** WHAT YOU NEED TO DO **
Repeat the records exactly, so that each line matches the original.

Stored items

______________________________

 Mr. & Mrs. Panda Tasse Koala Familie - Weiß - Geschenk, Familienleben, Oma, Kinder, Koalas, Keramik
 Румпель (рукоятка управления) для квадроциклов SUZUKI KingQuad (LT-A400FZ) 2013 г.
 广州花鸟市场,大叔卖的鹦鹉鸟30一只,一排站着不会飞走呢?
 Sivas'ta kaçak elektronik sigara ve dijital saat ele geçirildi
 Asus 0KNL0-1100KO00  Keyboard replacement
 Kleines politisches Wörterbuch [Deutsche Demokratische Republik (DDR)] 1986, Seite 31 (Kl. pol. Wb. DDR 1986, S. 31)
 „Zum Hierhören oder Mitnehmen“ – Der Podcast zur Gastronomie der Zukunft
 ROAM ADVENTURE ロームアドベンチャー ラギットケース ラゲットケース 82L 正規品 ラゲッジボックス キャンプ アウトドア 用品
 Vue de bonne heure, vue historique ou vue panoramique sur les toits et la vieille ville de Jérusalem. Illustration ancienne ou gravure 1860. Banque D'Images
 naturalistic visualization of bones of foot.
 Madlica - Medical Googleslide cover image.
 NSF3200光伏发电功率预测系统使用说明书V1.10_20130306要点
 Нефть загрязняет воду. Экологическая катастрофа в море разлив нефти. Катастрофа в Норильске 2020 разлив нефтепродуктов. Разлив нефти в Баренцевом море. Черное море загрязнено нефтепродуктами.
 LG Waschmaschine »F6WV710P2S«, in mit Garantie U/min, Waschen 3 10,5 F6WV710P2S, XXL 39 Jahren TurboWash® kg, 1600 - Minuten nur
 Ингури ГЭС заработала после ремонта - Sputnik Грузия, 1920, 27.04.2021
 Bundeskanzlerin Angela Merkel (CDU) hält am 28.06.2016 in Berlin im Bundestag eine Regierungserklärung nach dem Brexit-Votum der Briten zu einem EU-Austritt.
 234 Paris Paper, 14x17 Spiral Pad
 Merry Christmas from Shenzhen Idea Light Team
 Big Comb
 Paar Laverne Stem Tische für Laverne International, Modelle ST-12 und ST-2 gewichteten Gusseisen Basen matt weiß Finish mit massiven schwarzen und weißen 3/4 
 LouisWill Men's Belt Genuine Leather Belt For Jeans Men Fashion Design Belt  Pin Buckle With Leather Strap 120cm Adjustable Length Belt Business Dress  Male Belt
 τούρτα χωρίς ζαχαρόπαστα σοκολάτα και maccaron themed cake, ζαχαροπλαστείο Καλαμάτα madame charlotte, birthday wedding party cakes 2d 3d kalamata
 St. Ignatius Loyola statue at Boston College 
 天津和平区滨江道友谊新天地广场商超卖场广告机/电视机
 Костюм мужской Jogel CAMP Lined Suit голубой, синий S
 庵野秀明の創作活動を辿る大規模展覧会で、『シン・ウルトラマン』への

______________________________

** REPLY TO THE EXERCISE **
 Mr. & Mrs. Panda Tasse Koala Familie - Weiß - Geschenk, Familienleben, Oma, Kinder, Koalas, Keramik
 Румпель (рукоятка управления) для квадроциклов SUZUKI KingQuad (LT-A400FZ) 2013 г.
 广州花鸟市场,大叔卖的鹦鹉鸟30一只,一排站着不会飞走呢?
 Sivas'ta kaçak elektronik sigara ve dijital saat ele geçirildi
 Asus 0KNL0-1100KO00  Keyboard replacement
 Kleines politisches Wörterbuch [Deutsche Demokratische Republik (DDR)] 1986, Seite 31 (Kl. pol. Wb. DDR 1986, S. 31)
 „Zum Hierhören oder Mitnehmen“ – Der Podcast zur Gastronomie der Zukunft
 ROAM ADVENTURE ロームアドベンチャー ラギットケース ラゲットケース 82L 正規品 ラゲッジボックス キャンプ アウトドア 用品
 Vue de bonne heure, vue historique ou vue panoramique sur les toits et la vieille ville de Jérusalem. Illustration ancienne ou gravure 1860. Banque D'Images
 naturalistic visualization of bones of foot.
 Madlica - Medical Googleslide cover image.
 NSF3200光伏发电功率预测系统使用说明书V1.10_20130306要点
 Нефть загрязняет воду. Экологическая катастрофа в море разлив нефти. Катастрофа в Норильске 2020 разлив нефтепродуктов. Разлив нефти в Баренцевом море. Черное море загрязнено нефтепродуктами.
 LG Waschmaschine »F6WV710P2S«, in mit Garantie U/min, Waschen 3 10,5 F6WV710P2S, XXL 39 Jahren TurboWash® kg, 1600 - Minuten nur
 Ингури ГЭС заработала после ремонта - Sputnik Грузия, 1920, 27.04.2021
 Bundeskanzlerin Angela Merkel (CDU) hält am 28.06.2016 in Berlin im Bundestag eine Regierungserklärung nach dem Brexit-Votum der Briten zu einem EU-Austritt.
 234 Paris Paper, 14x17 Spiral Pad
 Merry Christmas from Shenzhen Idea Light Team
 Big Comb
 Paar Laverne Stem Tische für Laverne International, Modelle ST-12 und ST-2 gewichteten Gusseisen Basen matt weiß Finish mit massiven schwarzen und weißen 3/4 
 LouisWill Men's Belt Genuine Leather Belt For Jeans Men Fashion Design Belt  Pin Buckle With Leather Strap 120cm Adjustable Length Belt Business Dress  Male Belt
 τούρτα χωρίς ζαχαρόπαστα σοκολάτα και maccaron themed cake, ζαχαροπλαστείο Καλαμάτα madame charlotte, birthday wedding party cakes 2d 3d kalamata
 St. Ignatius Loyola statue at Boston College 
 天津和平区滨江道友谊新天地广场商超卖场广告机/电视机
 Костюм мужской Jogel CAMP Lined Suit голубой, синий S
 庵野秀明の創作活動を辿る大規模展覧会で、『シン・ウルトラマン』への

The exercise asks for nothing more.